Where Pith is reading between the lines
- Similar queueing models could be used to analyze other stochastic security processes, such as the accumulation of technical debt or unpatched endpoints.
- Confirming heavy-tailed patching in more environments would imply that defense policies should target tail events rather than average times.
- The constrained optimization approach may generalize to other budget-limited adaptive security decisions beyond vulnerability patching.
Load-bearing premise
The single AI amplification factor together with heavy-tailed patching times in the queueing model accurately captures how real-world attack surfaces evolve over time, and the ARVO dataset is representative of broader cases so that the 90 percent reduction generalizes.
What would settle it
If trace-driven experiments on vulnerability data from other software supply chains show that the RL-based policy reduces active vulnerabilities by less than 50 percent, the claimed performance improvement would not hold.
Figures
read the original abstract
We develop a queueing-theoretic framework to model the temporal evolution of cyber-attack surfaces, where the number of active vulnerabilities is represented as the backlog of a queue. Vulnerabilities arrive as they are discovered or created, and leave the system when they are patched or successfully exploited. Building on this model, we study how automation affects attack and defense dynamics by introducing an AI amplification factor that scales arrival, exploit, and patching rates. Our analysis shows that even symmetric automation can increase the rate of successful exploits. We validate the model using vulnerability data collected from an open source software supply chain and show that it closely matches real-world attack surface dynamics. Empirical results reveal heavy-tailed patching times, which we prove induce long-range dependence in vulnerability backlog and help explain persistent cyber risk. Utilizing our queueing abstraction for the attack surface, we develop a systematic approach for cyber risk mitigation. We formulate the dynamic defense problem as a constrained Markov decision process with resource-budget and switching-cost constraints, and develop a reinforcement learning (RL) algorithm that achieves provably near-optimal regret. Numerical experiments validate the approach and demonstrate that our adaptive RL-based defense policies significantly reduce successful exploits and mitigate heavy-tail queue events. Using trace-driven experiments on the ARVO dataset, we show that the proposed RL-based defense policy reduces the average number of active vulnerabilities in a software supply chain by over 90% compared to existing defense practices, without increasing the overall maintenance budget. Our results allow defenders to quantify cumulative exposure risk under long-range dependent attack dynamics and to design adaptive defense strategies with provable efficiency.
Editorial analysis
A structured set of objections, weighed in public.
Referee Report
Summary. The paper develops a queueing-theoretic model of cyber attack surfaces in which the number of active vulnerabilities is represented as the backlog of an M/G/1-like queue with arrivals from discoveries/creations and departures via patching or successful exploits. An AI amplification factor is introduced that symmetrically scales arrival, exploit, and patching rates; analysis shows this can increase the rate of successful exploits. The model is validated on vulnerability data from an open-source software supply chain, where heavy-tailed patching times are observed and proved (via renewal theory) to induce long-range dependence in the backlog process. The dynamic defense problem is formulated as a constrained MDP with maintenance-budget and switching-cost constraints; a reinforcement-learning algorithm is derived that achieves provably near-optimal regret. Trace-driven experiments on the ARVO dataset are reported to show that the learned RL policy reduces average active vulnerabilities by over 90% relative to existing practices while respecting the budget.

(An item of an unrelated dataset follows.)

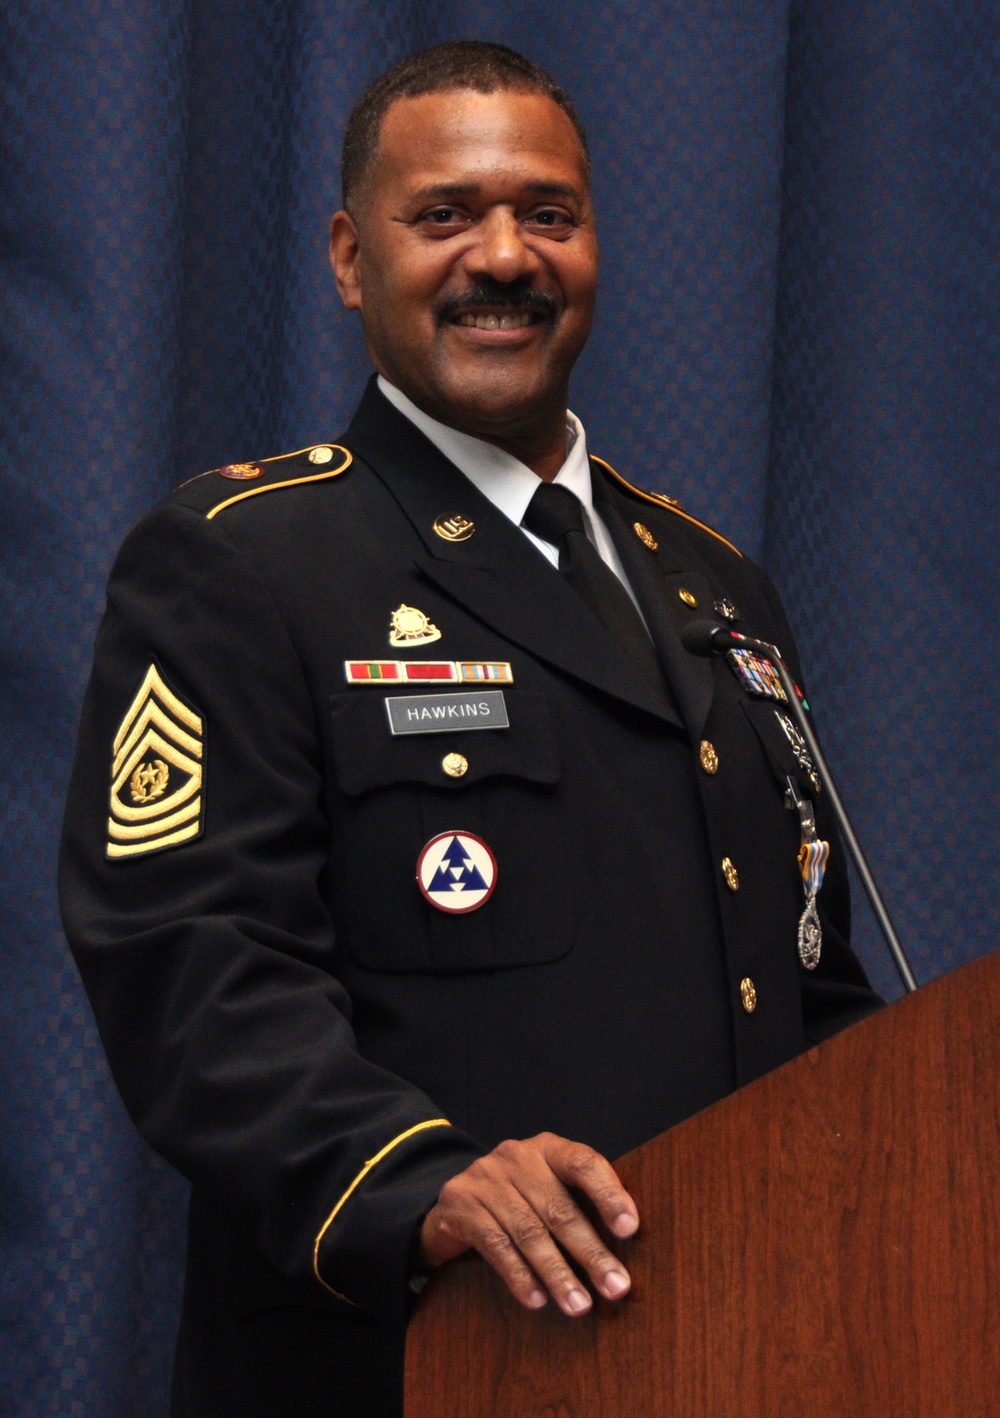 Former U.S. Transportation Command senior enlisted leader emphasized integrity, others first, and teamwork during a more than three-decade Army career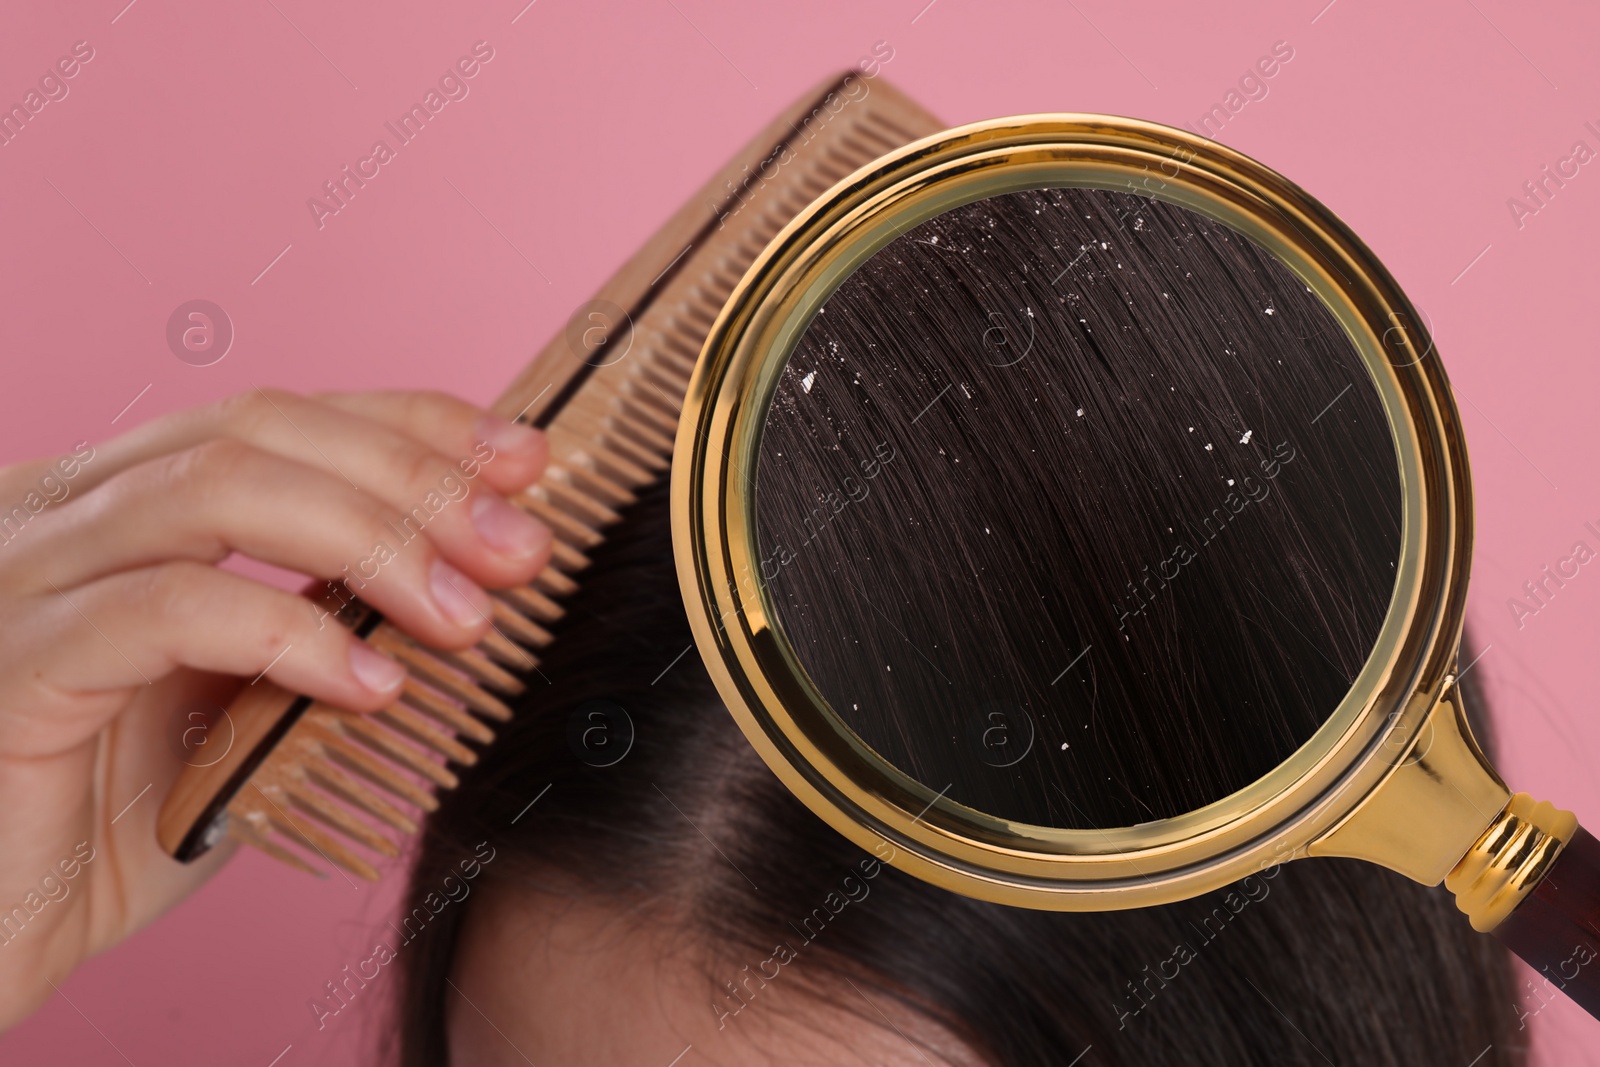 Image of Woman suffering from dandruff on pink background, closeup. View through magnifying glass on hair with flakes

Significance. If the empirical claims hold, the work supplies a mathematically grounded abstraction for quantifying cumulative exposure under long-range-dependent vulnerability dynamics and for designing adaptive defenses with regret guarantees. The explicit link between heavy-tailed service times and persistent backlog, together with the constrained-MDP formulation, offers a reusable template for supply-chain risk analysis. The reported 90% reduction under fixed budget would be a practically significant result if reproducible; the absence of released data, code, or fitting details currently prevents independent verification of that magnitude.
major comments (3)
- [Abstract / trace-driven experiments] Abstract and trace-driven experiments section: the central claim of a >90% reduction in average active vulnerabilities is presented without error bars, confidence intervals, statistical significance tests, or explicit definitions of the baseline defense policies being compared. This omission is load-bearing for the empirical contribution.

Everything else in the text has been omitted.